* **RECORD EXTRACTS**
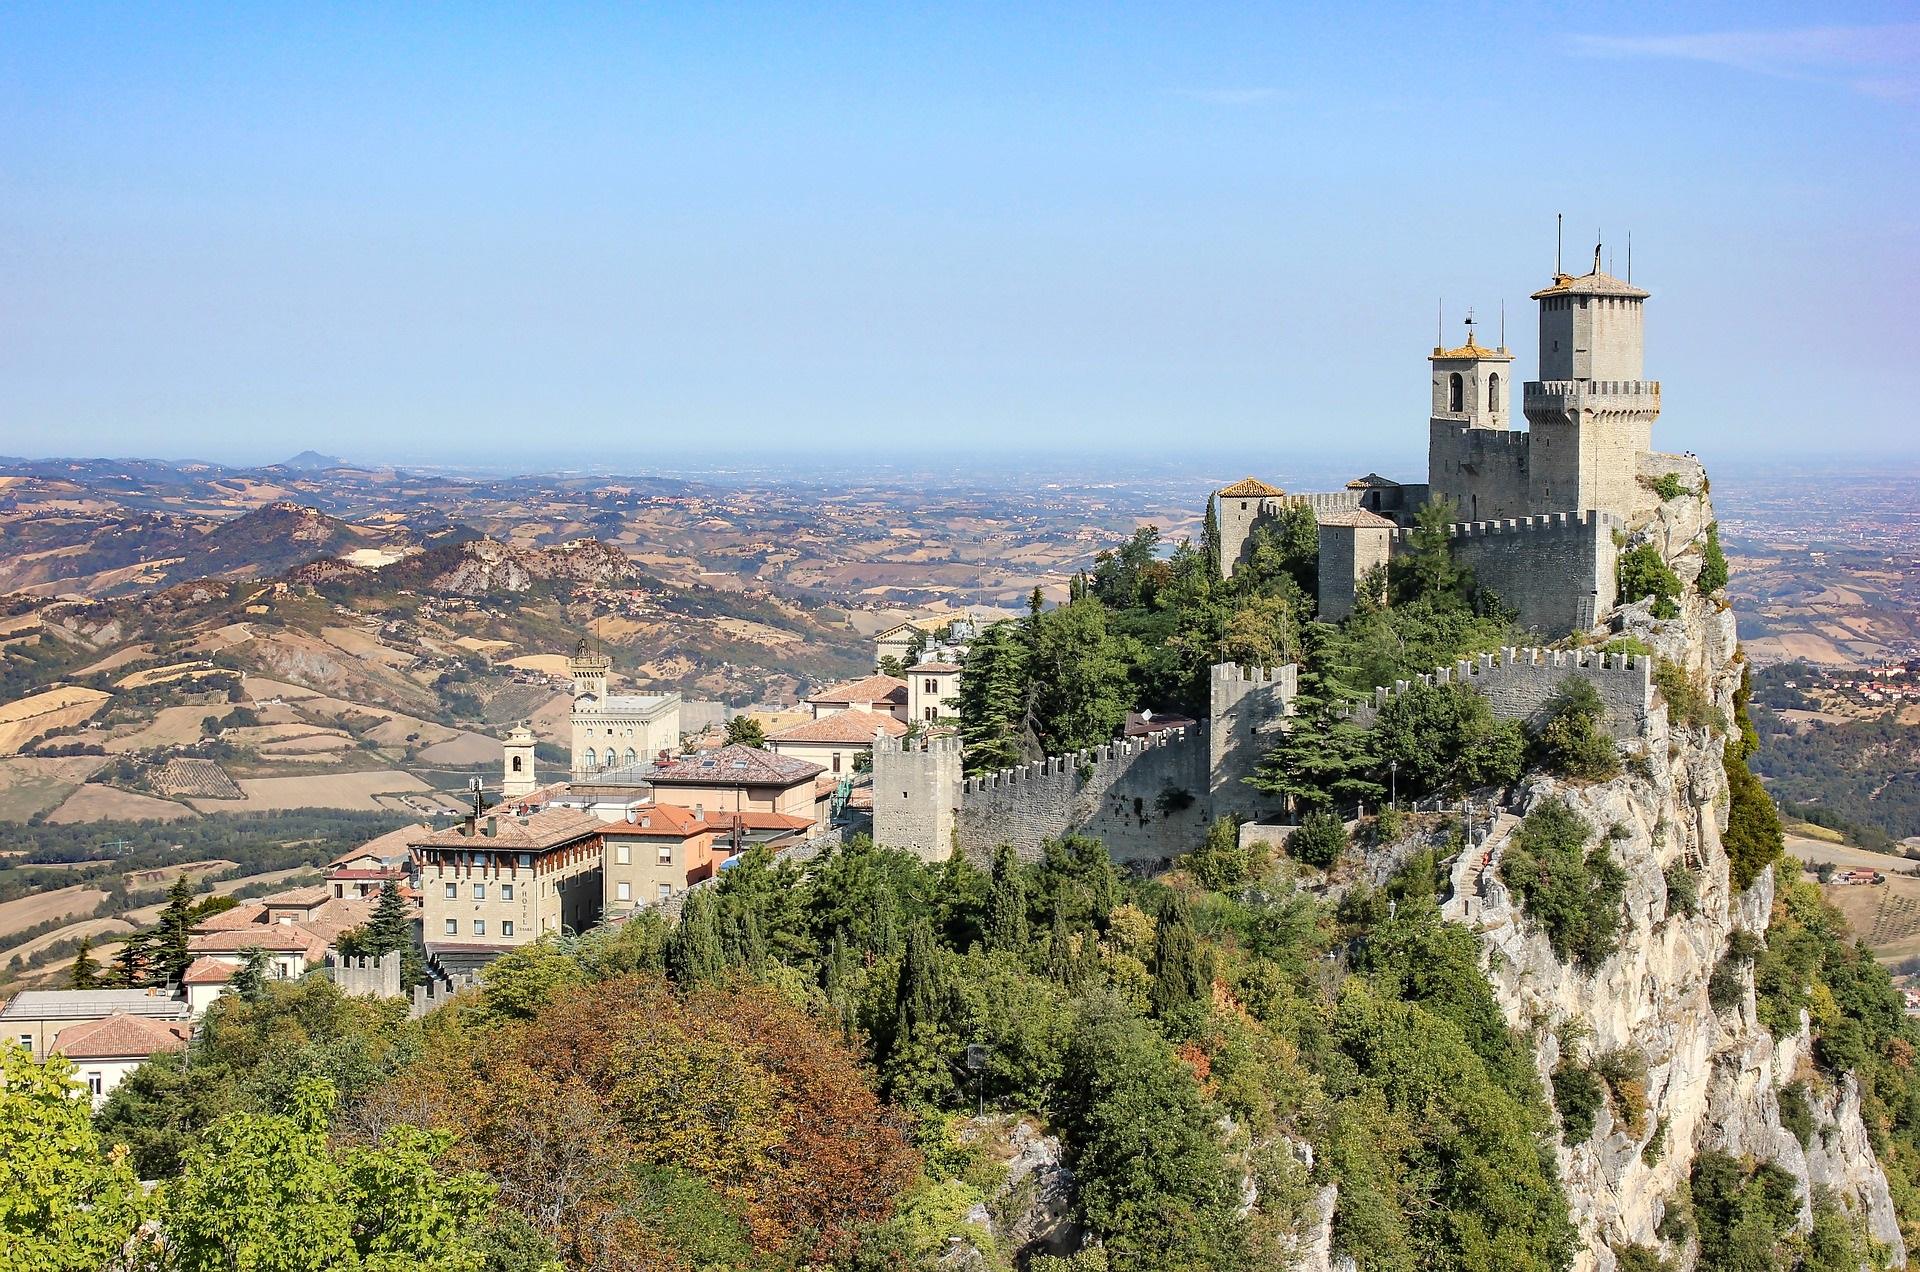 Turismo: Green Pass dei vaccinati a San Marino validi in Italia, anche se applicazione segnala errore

---

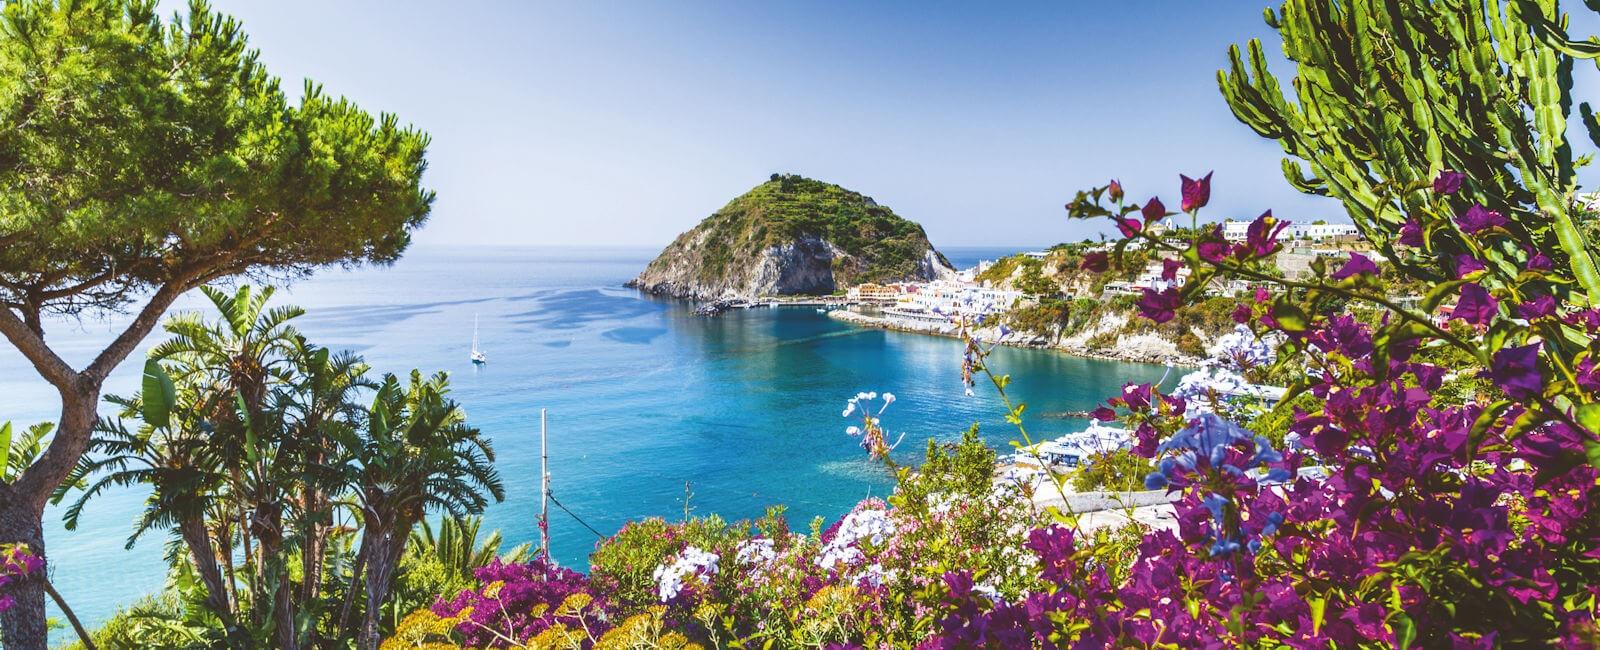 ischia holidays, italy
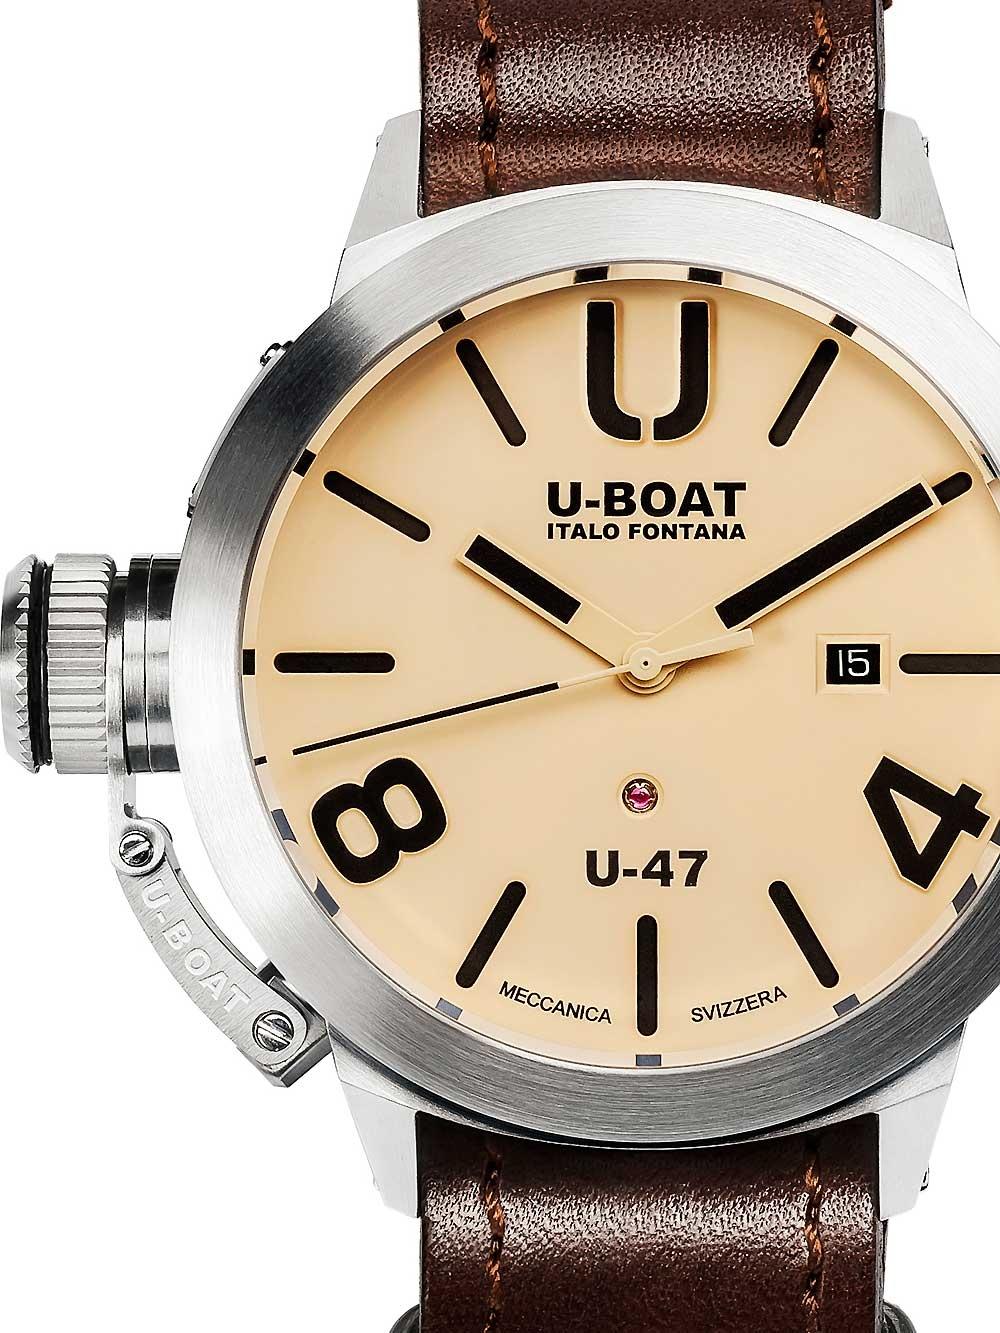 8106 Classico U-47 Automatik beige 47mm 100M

...

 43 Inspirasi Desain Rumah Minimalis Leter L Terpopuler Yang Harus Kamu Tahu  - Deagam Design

* **YOUR ASSIGNMENT**
From the line containing "ischia holidays, italy" through the line containing "8106 Classico U-47 Automatik beige 47mm 100M", copy every line above exactly, without pictures.

* **TASK RESPONSE**
 ischia holidays, italy
 8106 Classico U-47 Automatik beige 47mm 100M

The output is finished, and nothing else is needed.